# Partitioned Dataset
`PartitionedDataset` and `LazyPartitionedDataset` represent a directory of files where each file is treated as a separate partition.
*Requires the `polars` feature.*
## `PartitionedDataset`
Eagerly loads all files in a directory into a `HashMap<String, D::LoadItem>`:
```rust,ignore
pub struct PartitionedDataset<D: FileDataset> {
pub path: String,
pub ext: String,
pub dataset: D,
}
```
- **`path`** — the directory to read from / write to
- **`ext`** — file extension to filter by (e.g. `"csv"`, `"parquet"`)

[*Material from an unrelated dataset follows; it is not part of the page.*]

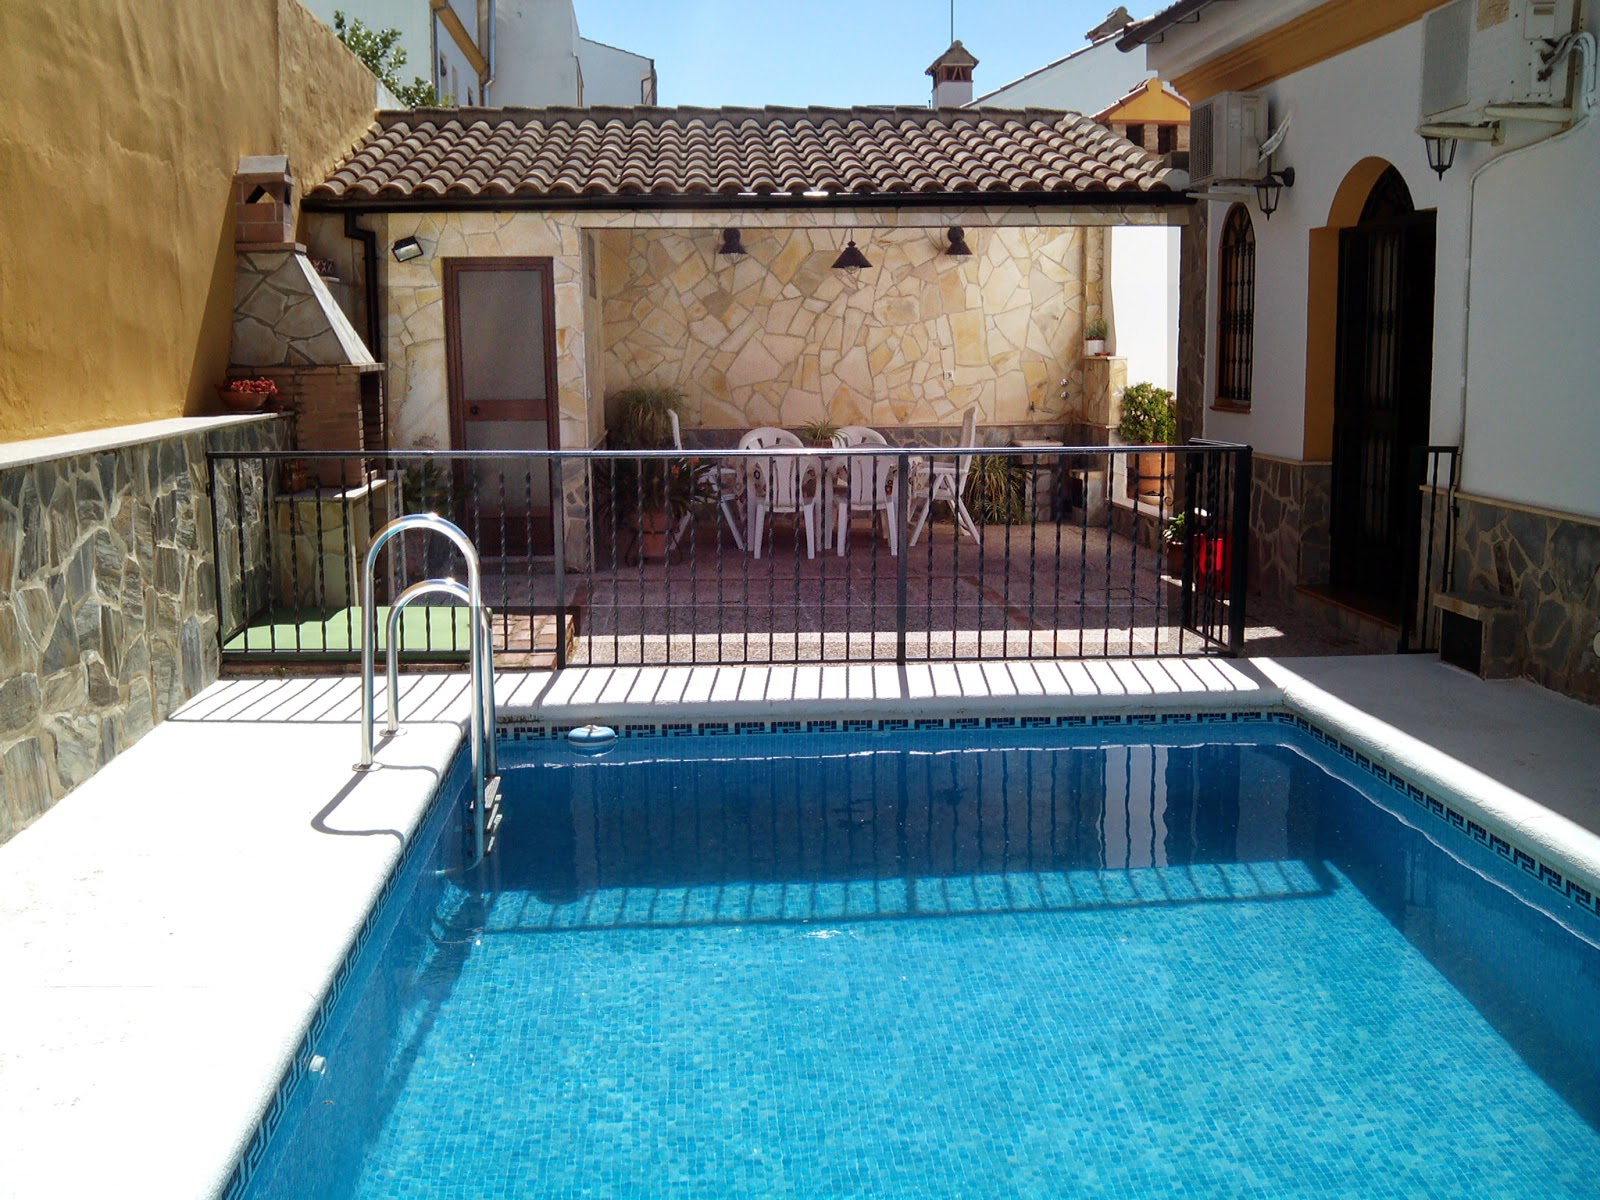 Patios con piscina for Decoracion patio con piscina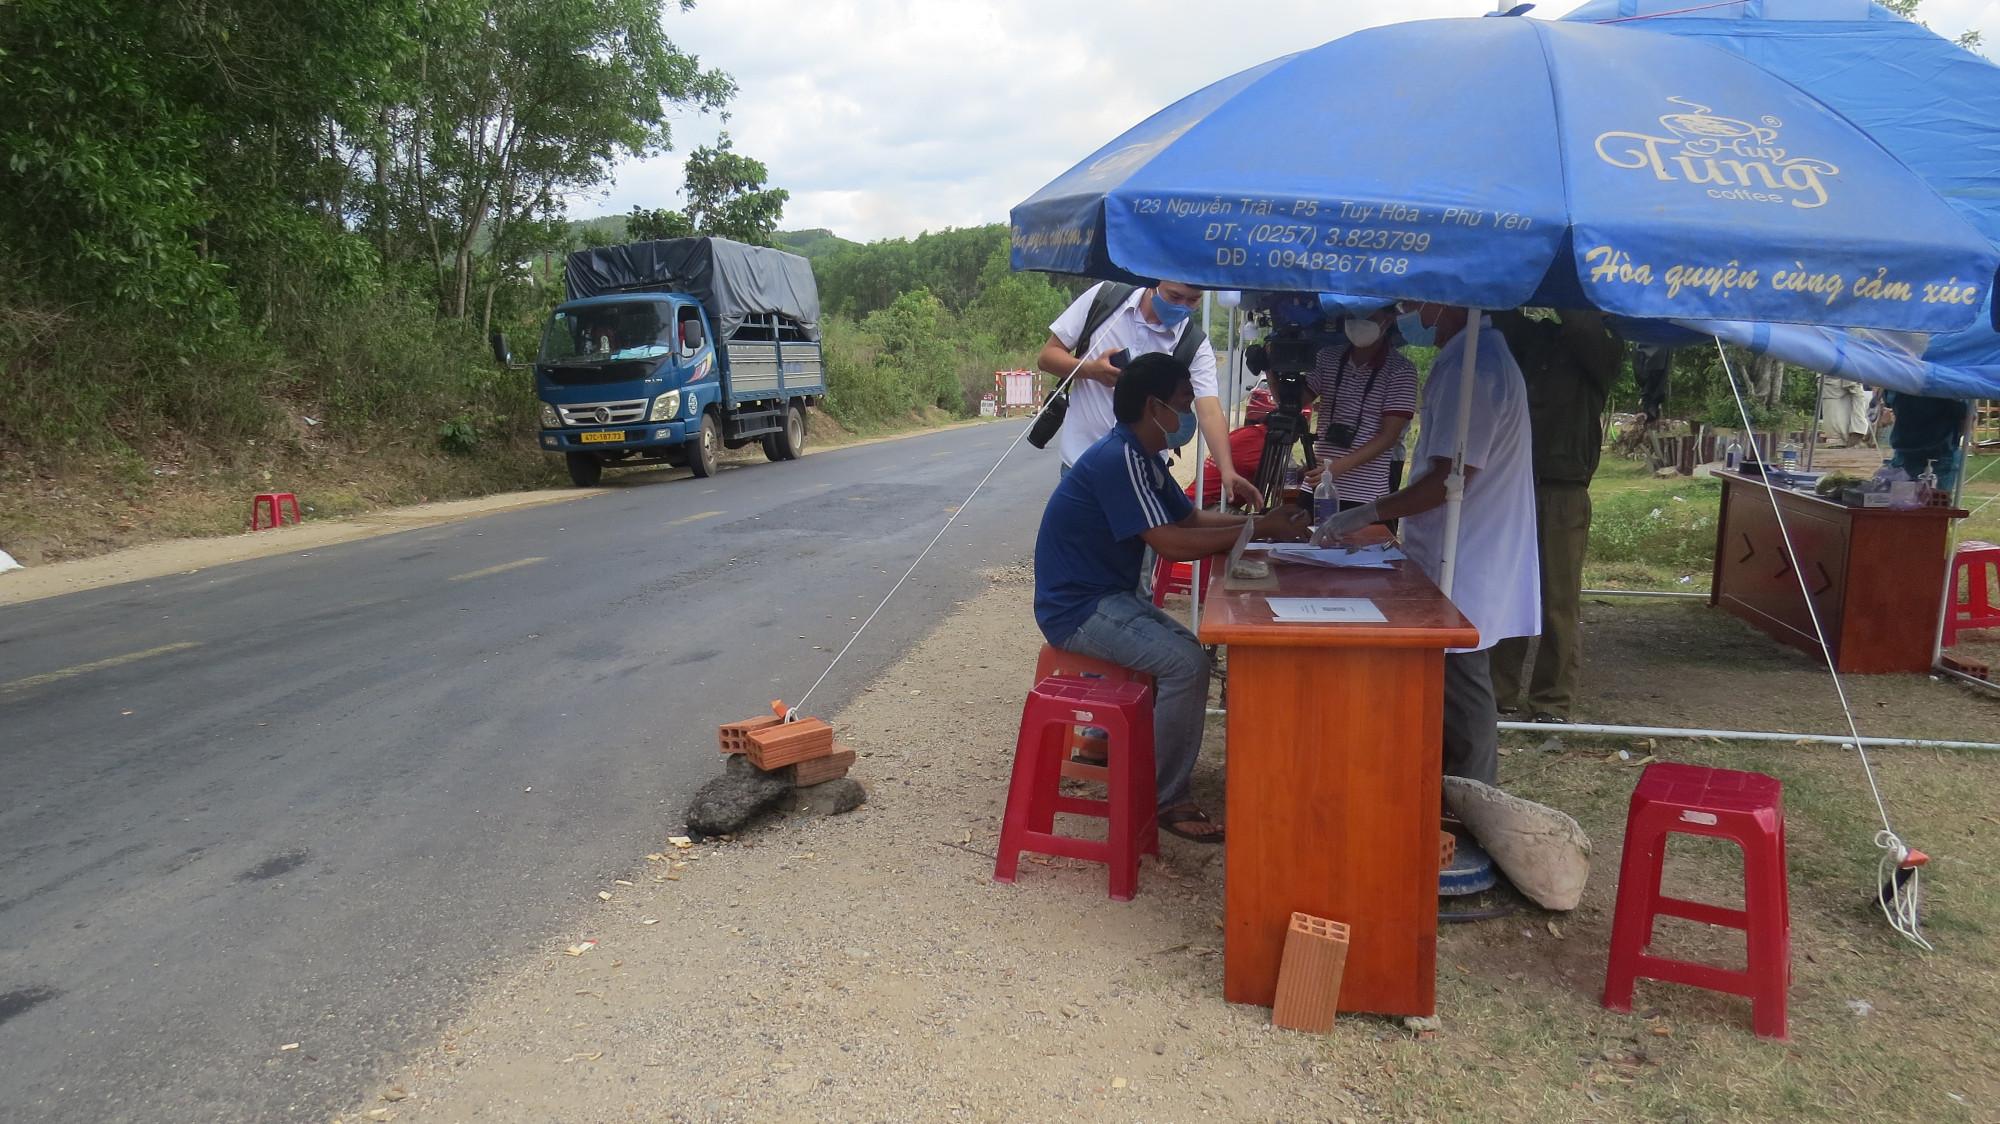 Khai báo y tế tại các chốt chặn phòng chống COVID-19 Phú Yên

- **`dataset`** — a template dataset that is cloned and pointed at each file
### Loading
Returns `HashMap<String, D::LoadItem>` where keys are filename stems:
```text
data/partitions/
january.csv
february.csv
march.csv
```
```rust,ignore
// loads as HashMap { "january" => DataFrame, "february" => DataFrame, "march" => DataFrame }
```
### Saving
Accepts `HashMap<String, D::SaveItem>` and writes each entry as `{name}.{ext}`:
```rust,ignore
Node {
name: "split_by_month",
func: |df: DataFrame| -> (HashMap<String, DataFrame>,) {
// split DataFrame into partitions...
},
input: (&cat.all_data,),
output: (&cat.monthly,), // PartitionedDataset<PolarsCsvDataset>
}
```
## `LazyPartitionedDataset`
Same as `PartitionedDataset` but returns `HashMap<String, Lazy<D::LoadItem>>` — each partition is loaded on demand:
```rust,ignore
Node {
name: "process",
func: |partitions: HashMap<String, Lazy<DataFrame>>| {
// only load the partitions you need
let jan = partitions["january"].load().unwrap();
// ...
},
input: (&cat.monthly,),
output: (&cat.result,),
}
```
`Lazy<T>` wraps a closure that calls `dataset.load()` when `.load()` is called on it.
## YAML configuration
```yaml
monthly:
path: data/partitions
ext: csv
dataset:
separator: ","
has_header: true
```
The `dataset` field configures the template dataset that is cloned for each partition file.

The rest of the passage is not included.